CSULB History of Engineering



What is Engineering?, by Robert Vivian, Ph.D.


The Beginning of Engineering at CSULB
by Professor Emeritus Rodney Lewis


The Classrooms, Labs and Offices
The Development of our Curriculum
Acquiring Resources


How  we Started

 There had been some effort to start engineering at Long Beach State College in 1956. During this time, engineering was part of the Physics Department. All capital funds and faculty positions were assigned to this Department.

P. Victor Peterson, President of what was then Long Beach State College, called upon Robert Vivian, Dean of Engineering at USC, to start engineering in fall 1958. During this time, Herluf Nielsen and I were teaching mechanical and electrical engineering, respectively, at USC.

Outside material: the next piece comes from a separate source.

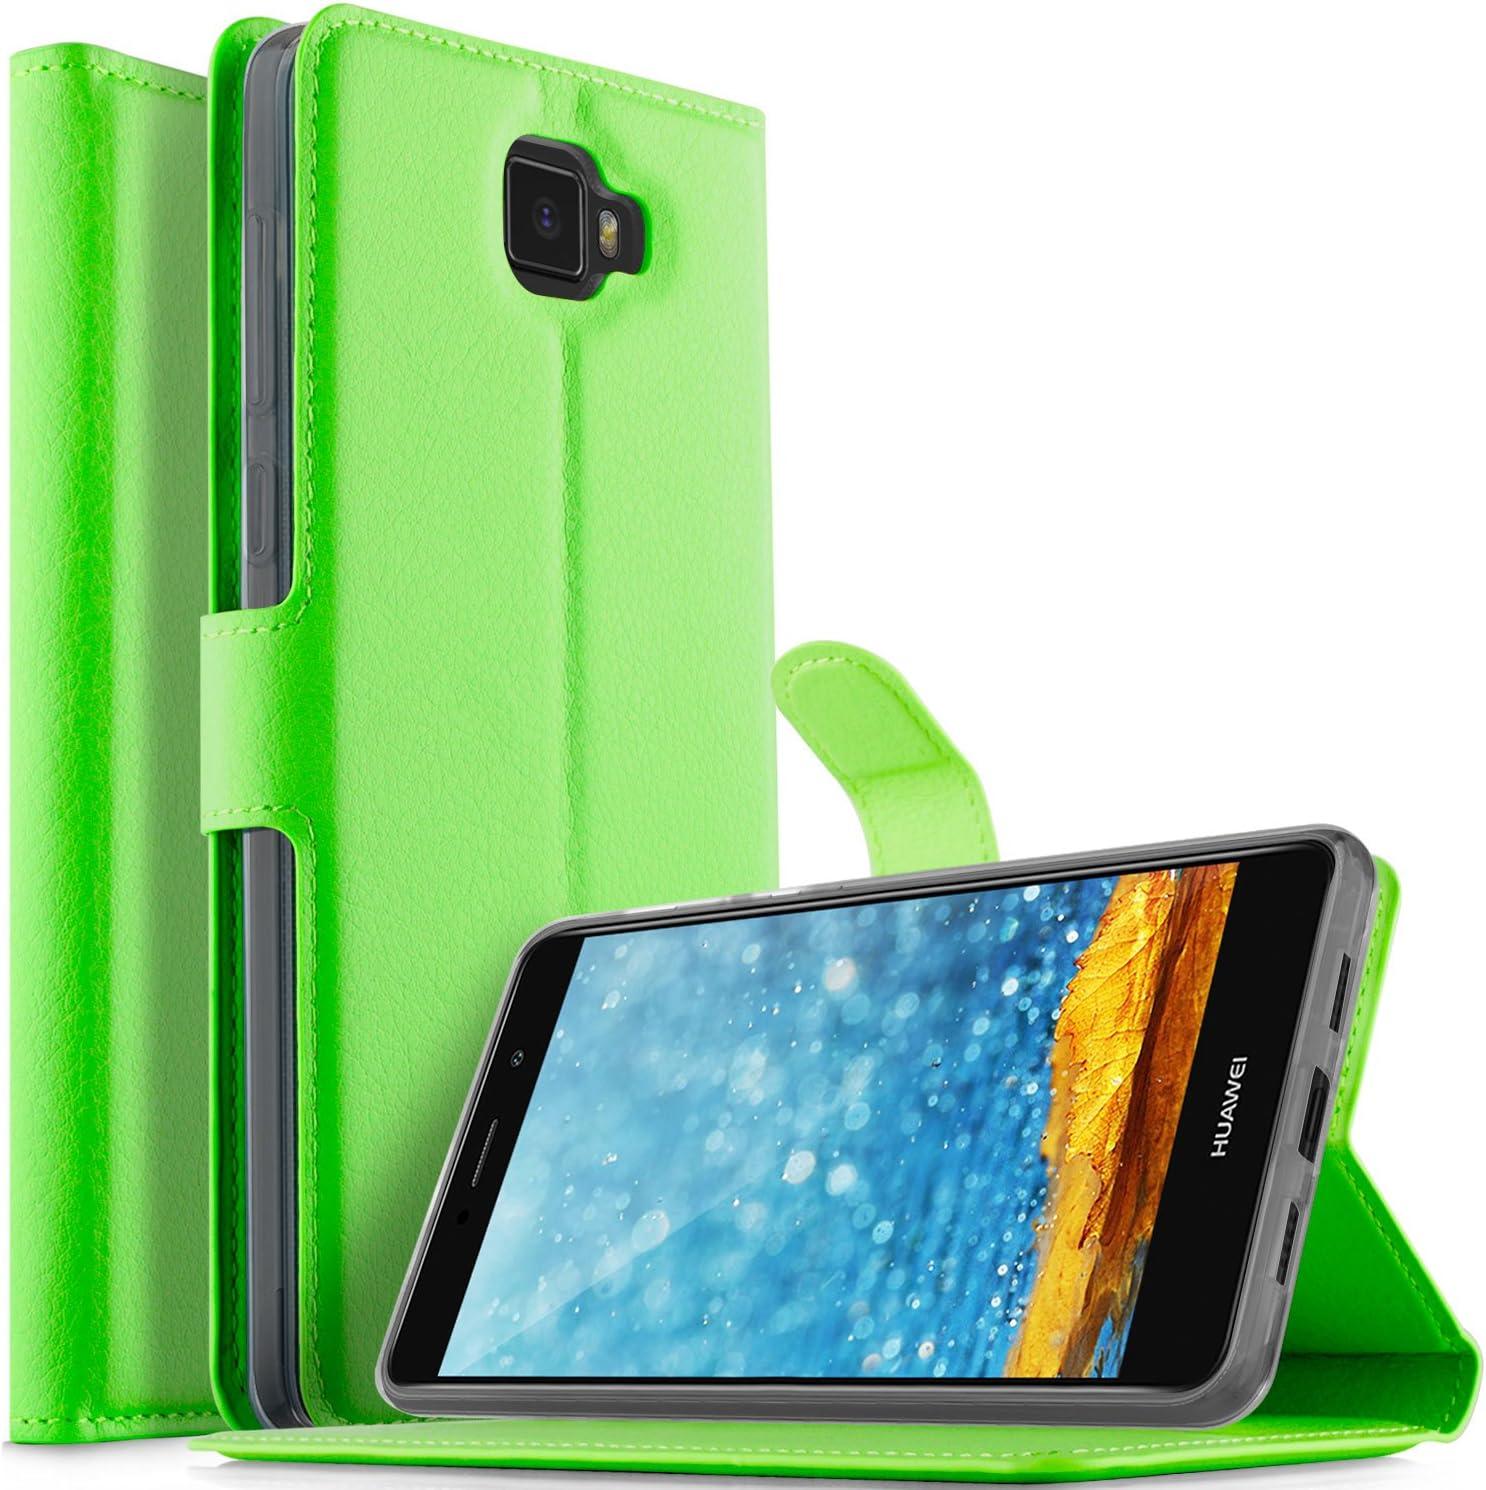 Kugi Elephone S8 Funda, Slim Flip Cover Carcasa Billetera Cartera ...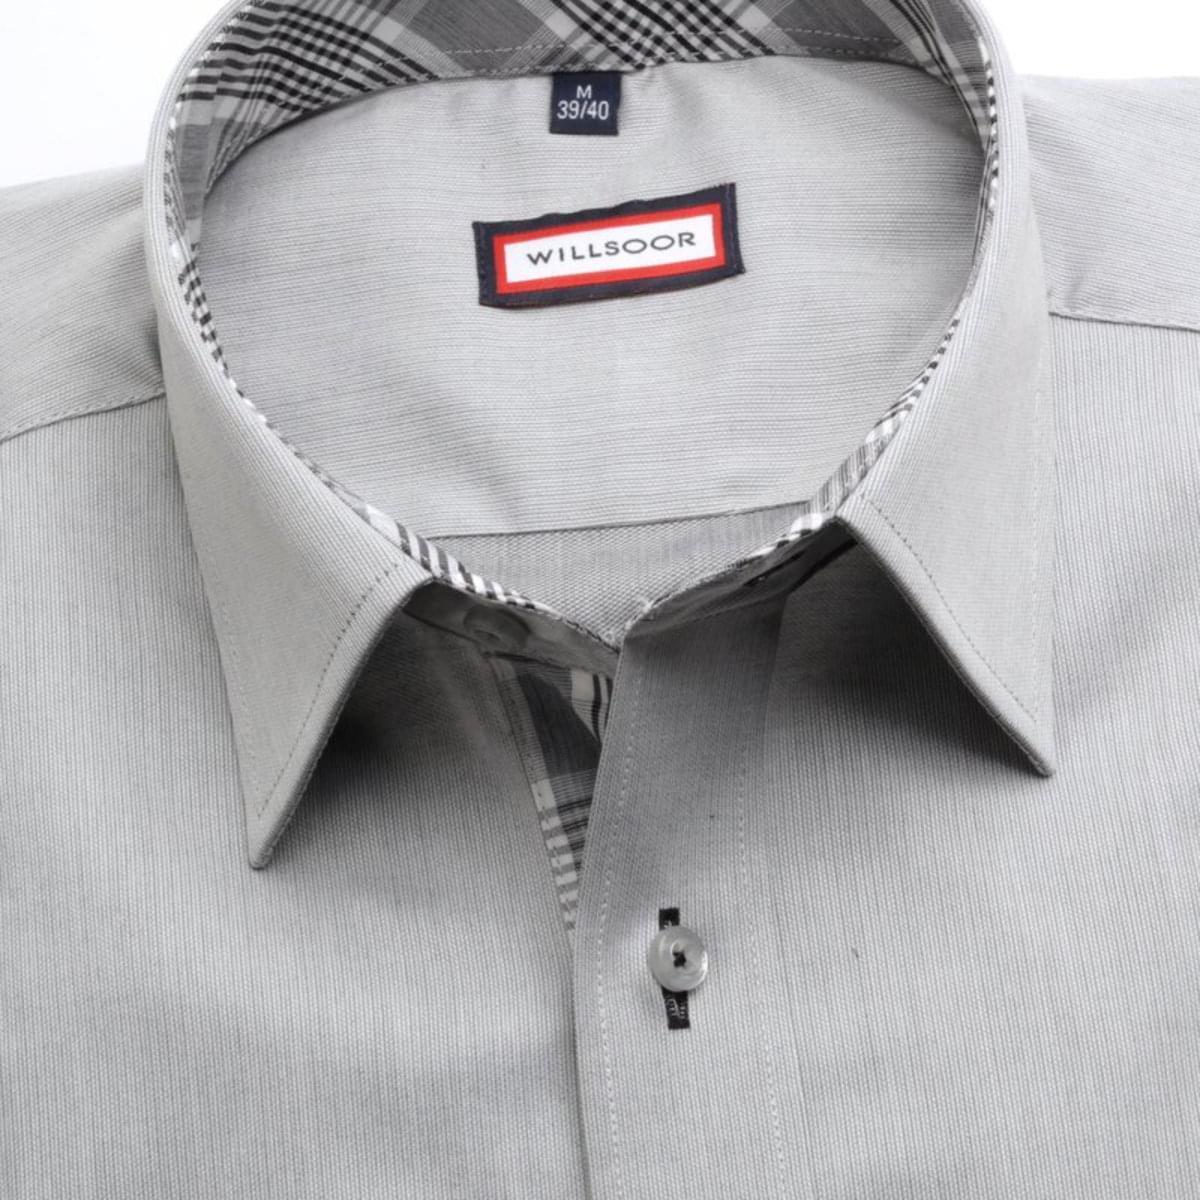 Pánská slim fit košile (výška 176-182) 7438 v šedé barvě 176-182 / XL (43/44)

In fall 1957, Dean Vivian asked us for a list of equipment to start an engineering program. Carl Neidengard at Southwest City College provided the "wish list" of equipment for civil engineering.

Herluf Nielsen, Carl Neidengard, Admiral Robert Goldman (1961), General Jack Dudley (1960), General Harold Miller (1959), some part-time employees of Hughes Aircraft and I were the inaugural faculty at Long Beach. One of the hardest things we did was writing curricula. UC Berkeley would not allow other state colleges or universities to start an engineering program in specific disciplines. Colleges could only offer a general degree in engineering. Even UCLA, a sister University of California campus to Berkeley, offered a general degree in engineering. Cal Poly San Luis Obispo was one of the first California State University campuses to offer engineering.

Long Beach had an "upside down program." All laboratory work was done in the lower division while the theoretical courses were included in the upper division. We offered a single degree: a bachelor of science in engineering. We provided sufficient courses in the major field so that students could specialize in a particular discipline.

The Board of Education didn't know or care what we were doing. After several years, the state colleges were placed under the State College Board of Trustees. Once this happened, we were treated like a regular college instead of a high school.

The Classrooms, Labs, and Offices  
We started engineering on the lower campus in temporary buildings left over from World War II. We stayed there until the first engineering building was completed. Even after we occupied permanent buildings, we continued using several of these temporaries for laboratories and office space. The terrain around these older facilities was dirt which turned into mud in the winter.

The first building contained the dean's office. We converted small quiz section lecture rooms into office space to accommodate our burgeoning faculty. The second engineering building provided some office space, although we still made good use of the converted office space in the first building.

The Development of our Curriculum  
At first, I got the impression that the liberal arts faculty didn't consider us as part of the academic community. We soon changed their minds and many engineering faculty served on College committees.

As we moved into the second engineering building (since renamed the Vivian Engineering Center, or VEC), we started to offer the master of science degree in civil, electrical and mechanical engineering. By the 1970s, we were still not able to offer a doctorate degree in engineering except through one of the University of California campuses.

In 1973, the electrical engineering department had 23 full-time faculty, although several positions were occupied by part-time faculty from industry. Civil, electrical, and mechanical engineering offered specific degrees.

We were accredited on our first application in 1964 because we had a conventional engineering program of high quality. We had a new building and equipment funds were allocated as a percentage of the cost of the building.

Shortly after occupying the second engineering building in 1970, we added chemical engineering. We added this discipline to the program because of Dean Vivian, a chemical engineer.

Some of our lower division courses were included as part of general education. We wanted to be a part of the College and also we hope to attract a few liberal arts students and thereby, increase our full-time enrollment.

Ocean engineering added as an option in Electrical Engineering. Later it became part of Mechanical Engineering. Offices were finally allowed in 1970 to have an "outsider" phone. Only associate and full professors and were allowed to have a full-size desk and a swivel chair. Also, one file cabinet was allotted to each faculty member.

Acquiring Resources  
The Board of Education Trustees allocated faculty and student assistants or FTE (full-time equivalent students) to the rest of the College without consideration of the needs of engineering. Liberal arts had funding to have student readers whereas we used our money for maintaining equipment in the laboratories.

Funds and supplies were always scarce even when we became governed by the State College Trustees. We celebrated a great victory when the day came that the Trustees recognized that engineering had its own needs and uniquenesses apart from liberal arts. Certain restrictions were finally lifted and we were allowed to departmentalize - only theoretical courses were included in the upper division.

The State Board of Education only allowed department chairs to have calculators. One of the first gifts to engineering was a vacuum tube computer which was inoperable most of the time. The University had an IBM 1620 computer. Around 1973, a College-wide main frame




was installed in the engineering building for campus use. It had a connection to the main frame at UCLA. In fall 1973, the University adapted the early fall semester, allowing students to complete the fall semester by the holiday break.

After Tom Dean, Dean of Applied Arts and Sciences, and I retired, Industrial Technology became part of Engineering, and the name was changed to Engineering Technology.